Metadata-Version: 2.1
Name: seriate
Version: 1.1.2
Summary: Implementation of the Seriation sequence ordering algorithm.
Home-page: https://github.com/src-d/seriate
Author: source{d}
Author-email: machine-learning@sourced.tech
License: Apache-2.0
Download-URL: https://github.com/src-d/seriate
Keywords: seriation
Platform: UNKNOWN
Classifier: Development Status :: 5 - Production/Stable
Classifier: Intended Audience :: Developers
Classifier: License :: OSI Approved :: Apache Software License
Classifier: Programming Language :: Python :: 3.5
Classifier: Programming Language :: Python :: 3.6
Classifier: Programming Language :: Python :: 3.7
Classifier: Programming Language :: Python :: 3.8
Description-Content-Type: text/markdown
License-File: LICENSE.md

# seriate
Optimal ordering of elements in a set given their distance matrix.
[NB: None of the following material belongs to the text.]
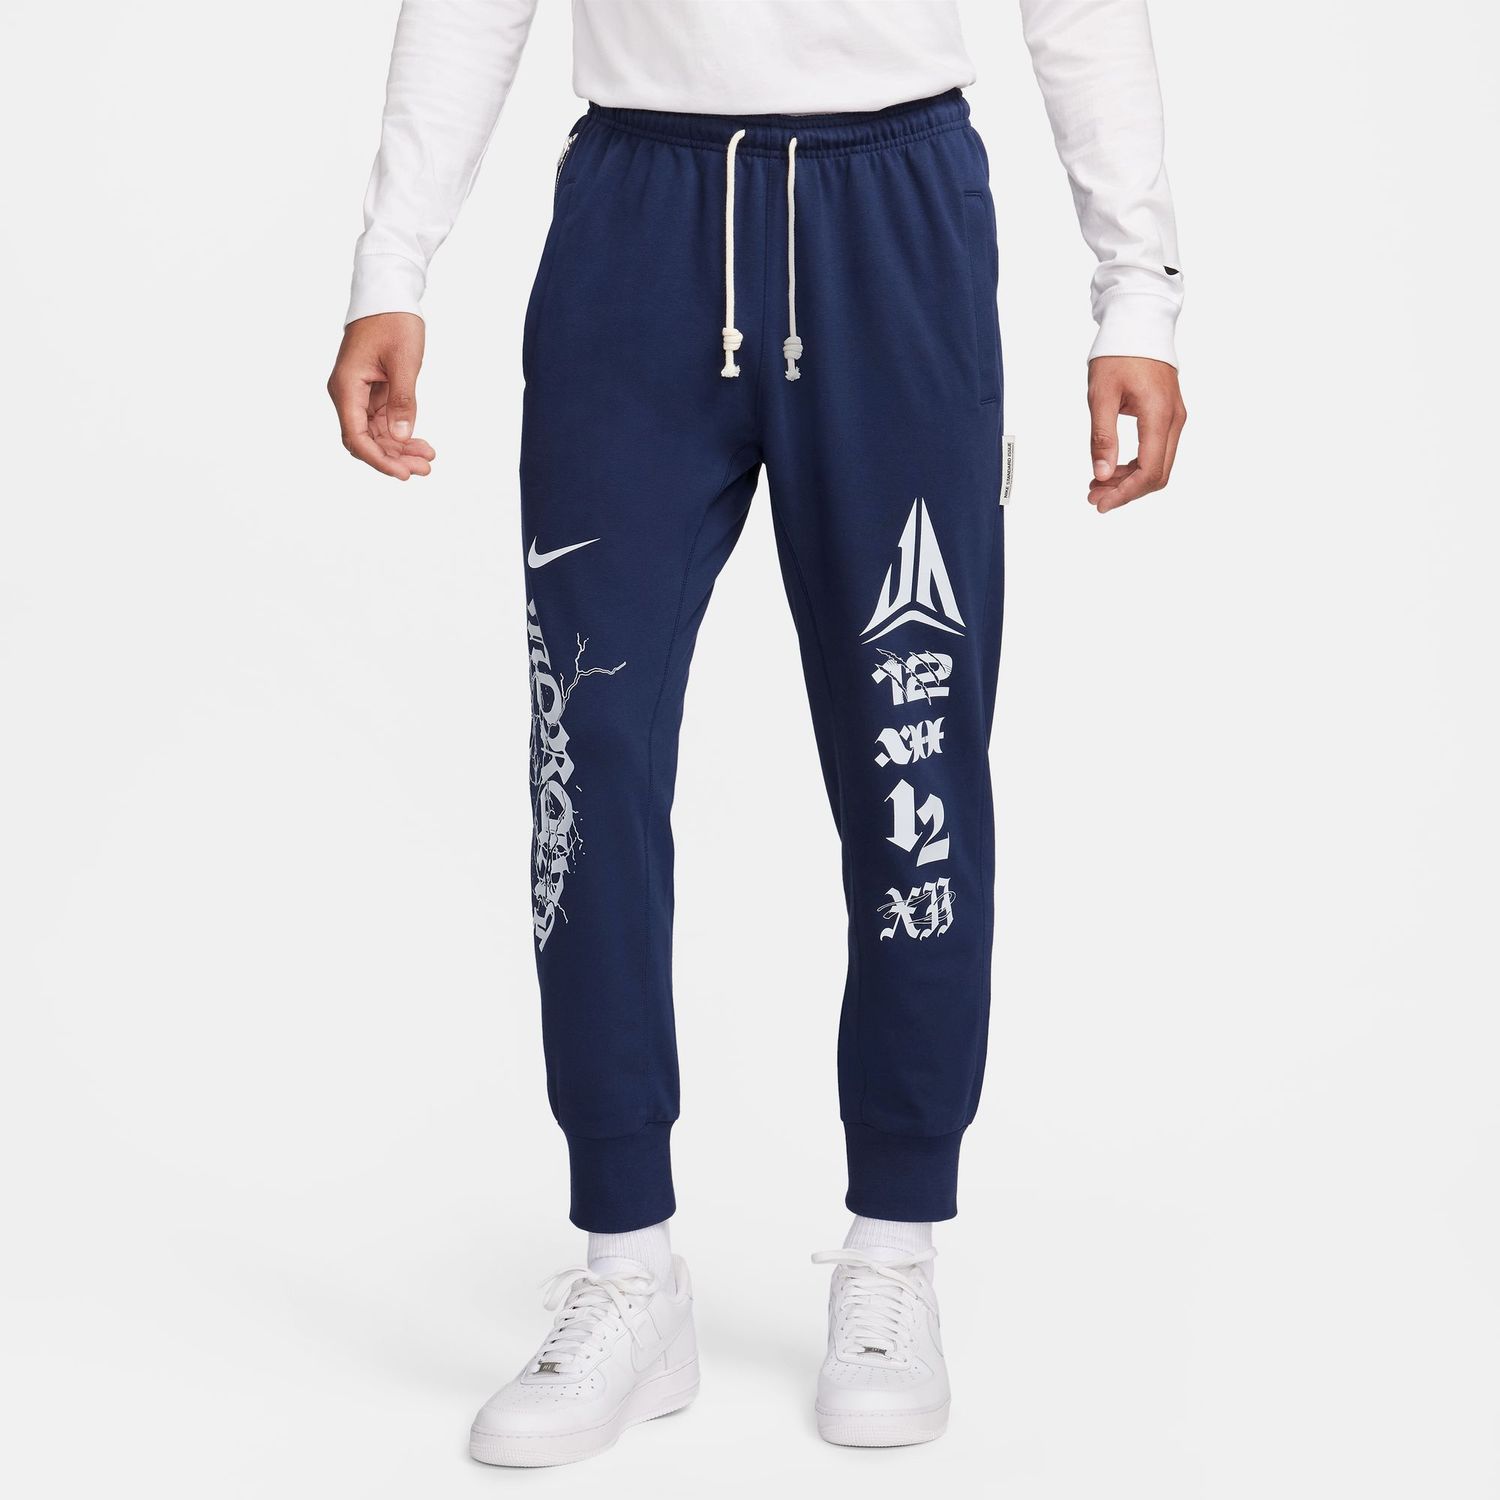 Nike Ja Morant Standard Issue Pants

[![Travis build status](https://travis-ci.com/src-d/seriate.svg?branch=master)](https://travis-ci.com/src-d/seriate)
[![Code coverage](https://codecov.io/github/src-d/seriate/coverage.svg)](https://codecov.io/github/src-d/seriate)
[![PyPi package status](https://img.shields.io/pypi/v/seriate.svg)](https://pypi.python.org/pypi/seriate)
![stability: stable](https://svg-badge.appspot.com/badge/stability/stable?color=007ec6)
[![Apache 2.0 license](https://img.shields.io/badge/license-Apache%202.0-blue.svg)](https://opensource.org/licenses/Apache-2.0)
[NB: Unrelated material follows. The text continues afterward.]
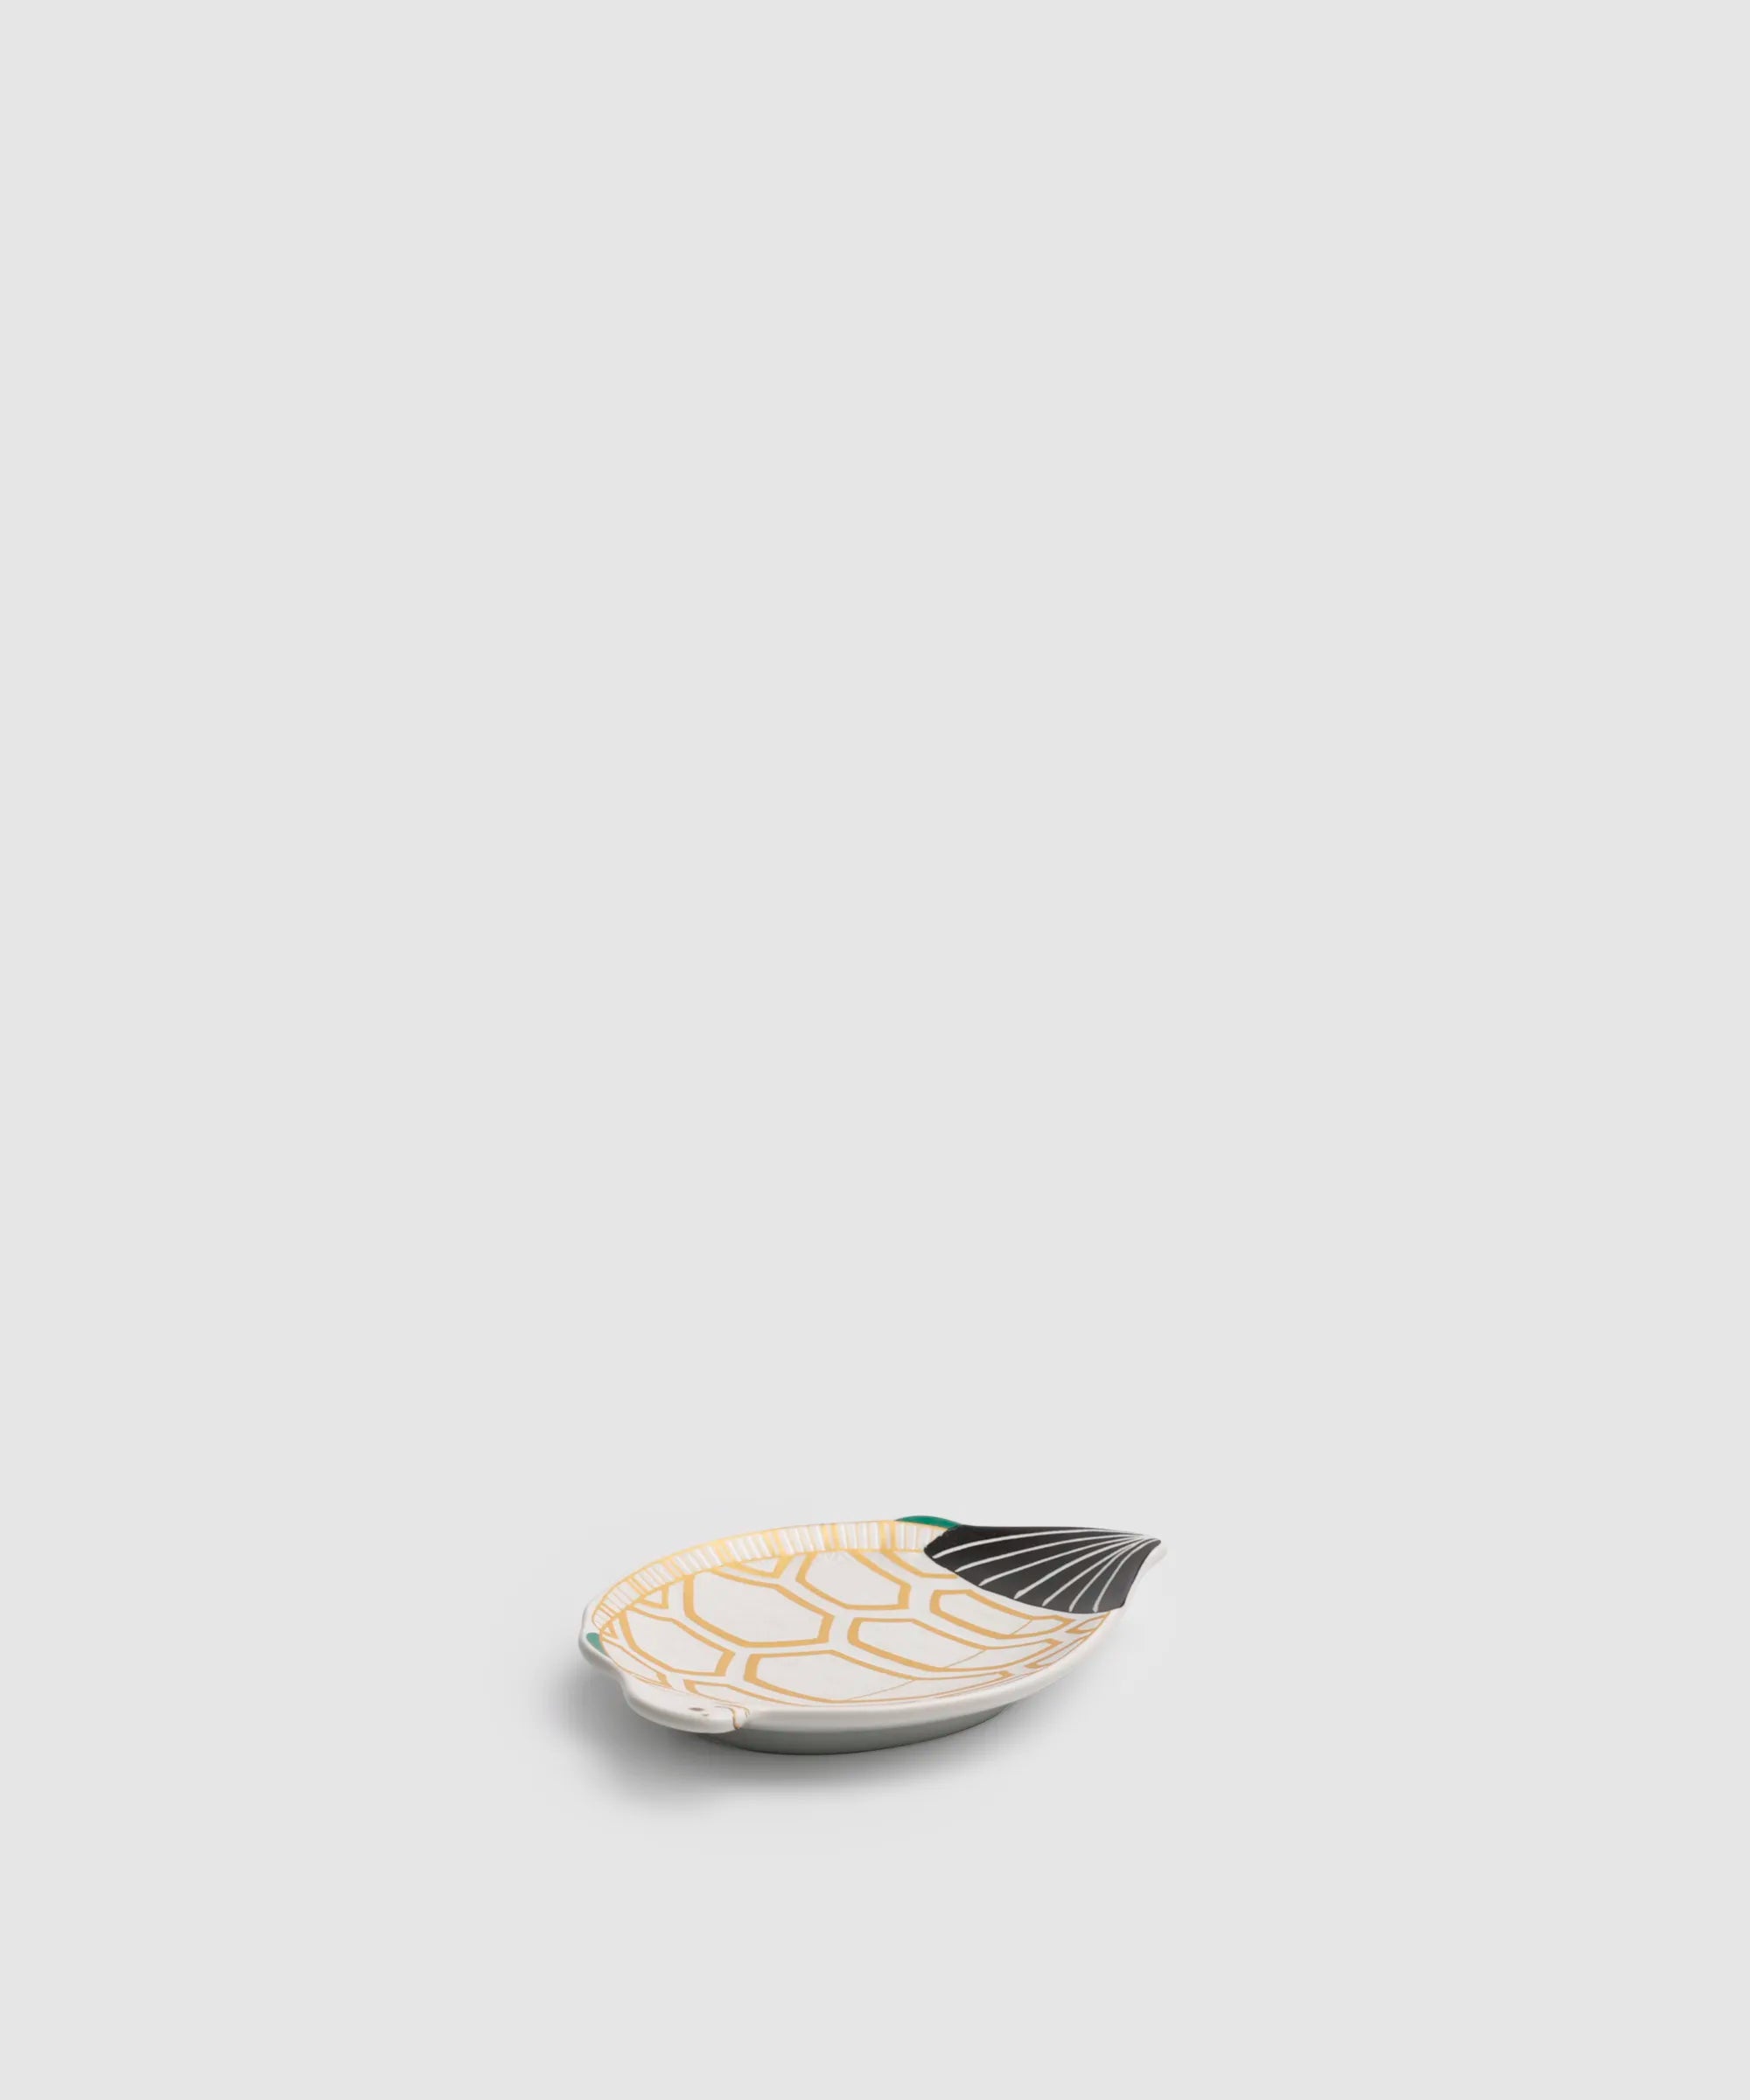 錦雪衣菱紋様 - 亀型小皿

![example](doc/example.png)

[Overview](#overview) • [How To Use](#how-to-use) • [Contributions](#contributions) • [License](#license)

## Overview

This is a Python implementation of [Seriation](http://nicolas.kruchten.com/content/2018/02/seriation/)
algorithm. Seriation is an approach for ordering elements in a set so that the
sum of the sequential pairwise distances is minimal. We state this task
as a Travelling Salesman Problem (TSP) and leverage the powerful [Google's or-tools](https://github.com/google/or-tools)
to do heavy-lifting. Since TSP is NP-hard, it is not possible to calculate
the precise solution for a big number of elements. However, the or-tools'
heuristics work very well in practice, and they are used in e.g. Google Maps.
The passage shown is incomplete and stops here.